With the watchdog snoring, the Dems back-stepped to a state-by-state defense against Right-to-Work legislation. Does this foretell an “abortion-rights-in-some-states-only” strategy for today? The DP seems to have given up on (or never initiated) a mass mobilization for increasing the number of supreme court justices, or a law guaranteeing abortion rights throughout the nation, or (too controversial to even consider) a constitutional amendment for protecting women’s lives.
Though making a lot of racket at election time, post-election Dems will move to a cooling off period so women can adjust themselves to losing a basic right. But the iron is hot and this is no time to cool off. Not six weeks after the court’s Day of Infamy, Kansas voters resoundingly defeated an anti-abortion amendment to their constitution. Between 2010 and the 2022 court decision, the number of Americans saying all abortions should be banned fell from 15% to 8%. During the same time period, those agreeing that abortion should be legal in all cases climbed from 18% to 33%.
Vermont residents will consider the Reproductive Liberty Amendment, stating: “that an individual’s right to personal reproductive autonomy is central to the liberty and dignity to determine one’s own life course and shall not be denied or infringed unless justified by a compelling State interest achieved by the least restrictive means.”
Missouri’s residents also enjoy the right to amend the state constitution. It elects right wing politicians yet simultaneously passes progressive legislation. Missouri voters have repeatedly rejected Right to Work legislation and have approved shutting down puppy mills. Missouri voters gave the nod to medical marijuana and approved Medicaid expansion.

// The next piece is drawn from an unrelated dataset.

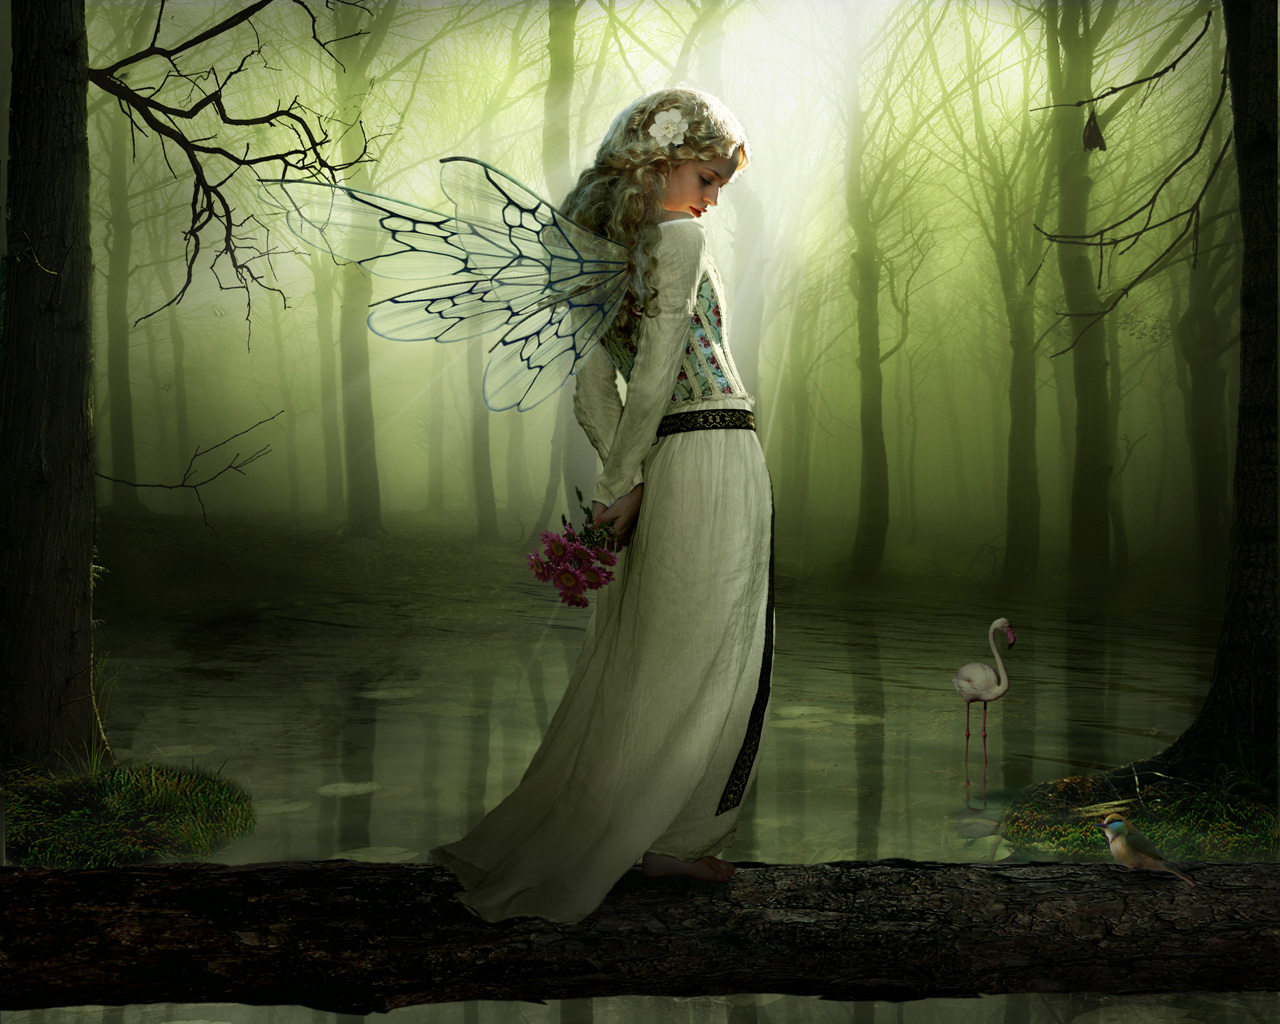 http://fc07.deviantart.net/fs38/f/2008/327/5/d/Green_Fairy_WP_by_Pygar.jpg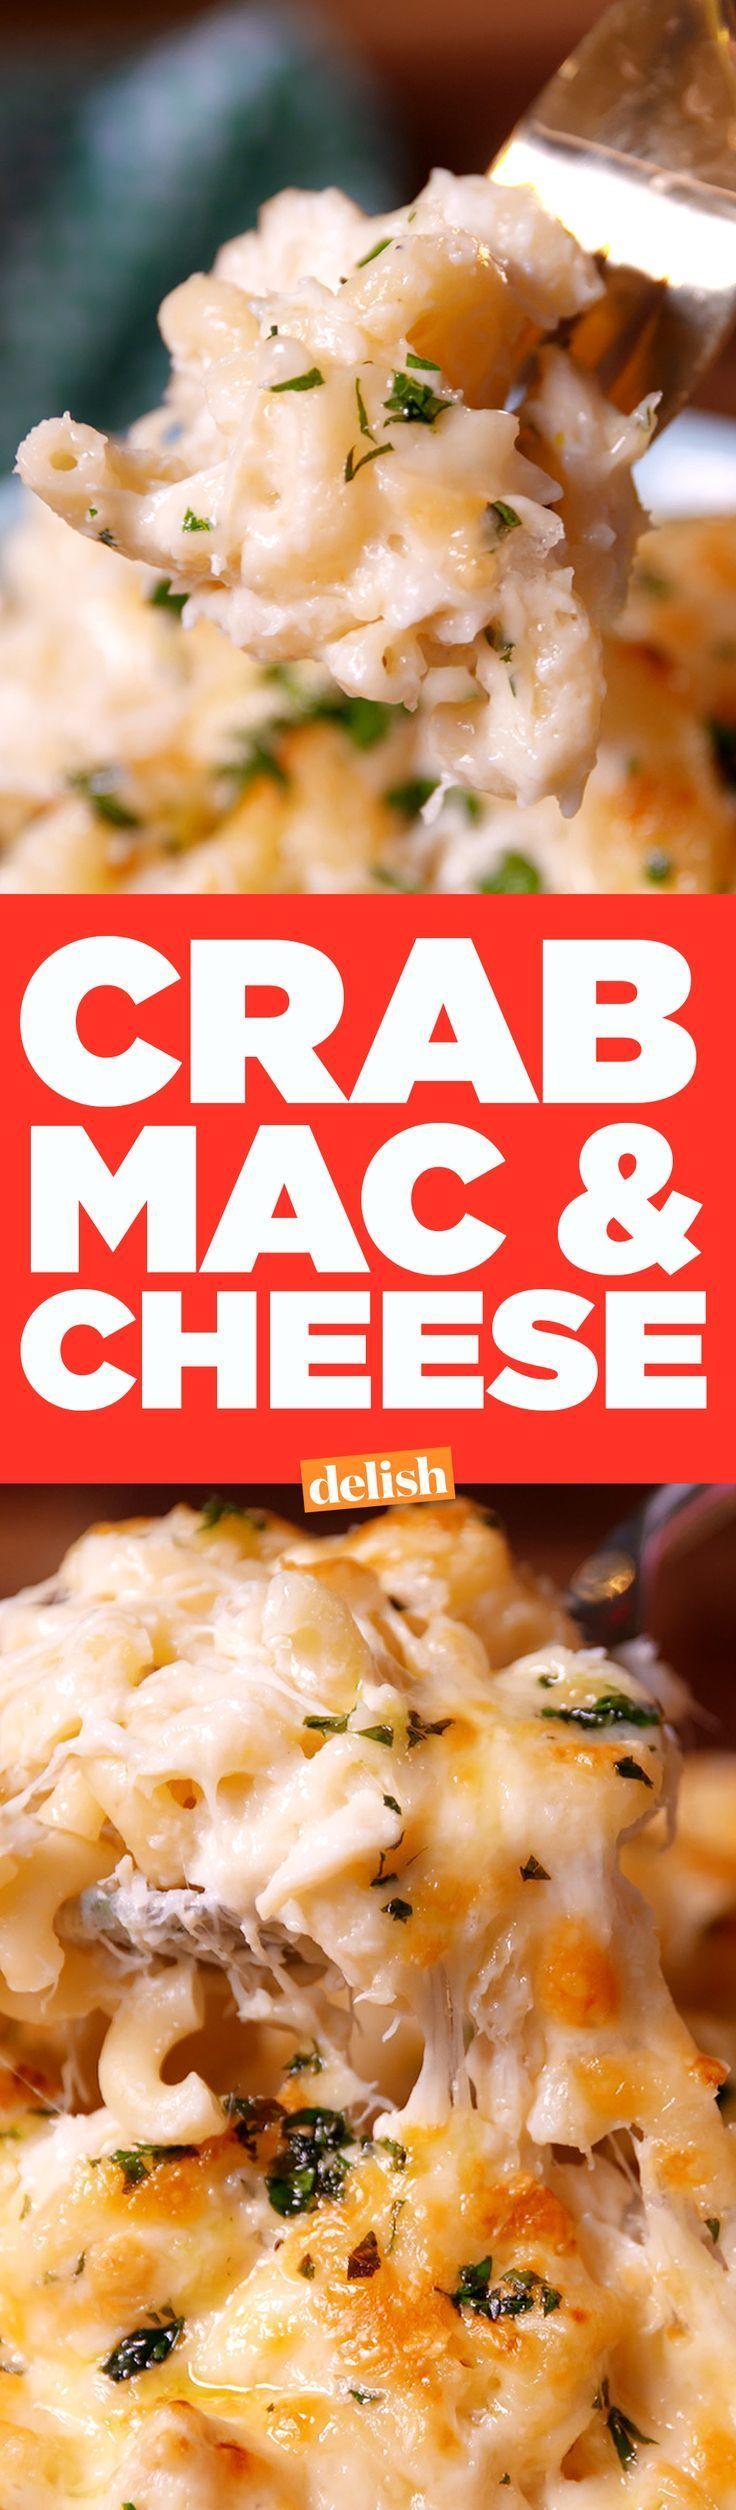 Crab Mac & Cheese

This means that 5-20% of Missourians vote for progressive agendas while not voting for Democratic Party politicians.
(If you are registered to vote in Missouri and would help gather signatures for an abortion rights amendment to the state constitution, email secretary@missourigreenparty.org or call 314-727-8554.)
The current struggle for abortion rights reminds us of the immense efforts for women’s suffrage, which was a roller-coaster battle requiring ongoing civil disobedience. Soon after the creation of the US, women lost the right to vote in New York (1777), Massachusetts (1780), New Hampshire (1784) and all other states except New Jersey (1787), which revoked the right in 1807.
Women’s right to vote was first gained in Wyoming Territory (1869). Women lost the right to vote in Utah (1887) but regained it in 1896. Women’s suffrage won in Washington state (1910), California, (1911), Oregon (1912), Arizona (1912, Kansas (1912), Alaska territory (1913), New York (1917), South Dakota (1917), and Oklahoma (1917). Women won partial suffrage in Illinois (1913), North Dakota (1917), Indiana (1917), Nebraska (1917), and Michigan (1917). The 19th amendment (guaranteeing women’s suffrage throughout the US) was passed by Congress in 1919, and ratified on August 18, 1920.
Two lessons stand out: rights which are taken away can provoke intense struggles to regain them; and, rights can be won at the state level as a critical step toward winning them at the national level. Working for a state constitutional amendment guaranteeing abortion rights can be a double-edged sword. The dull blunt edge can drag the movement into an abyss (like Right to Work) where it will be stuck for eternity if it abandons the goal of a national victory. The sharp edge cuts through the Gordian Knot as it walks the suffragette path of mass civil disobedience.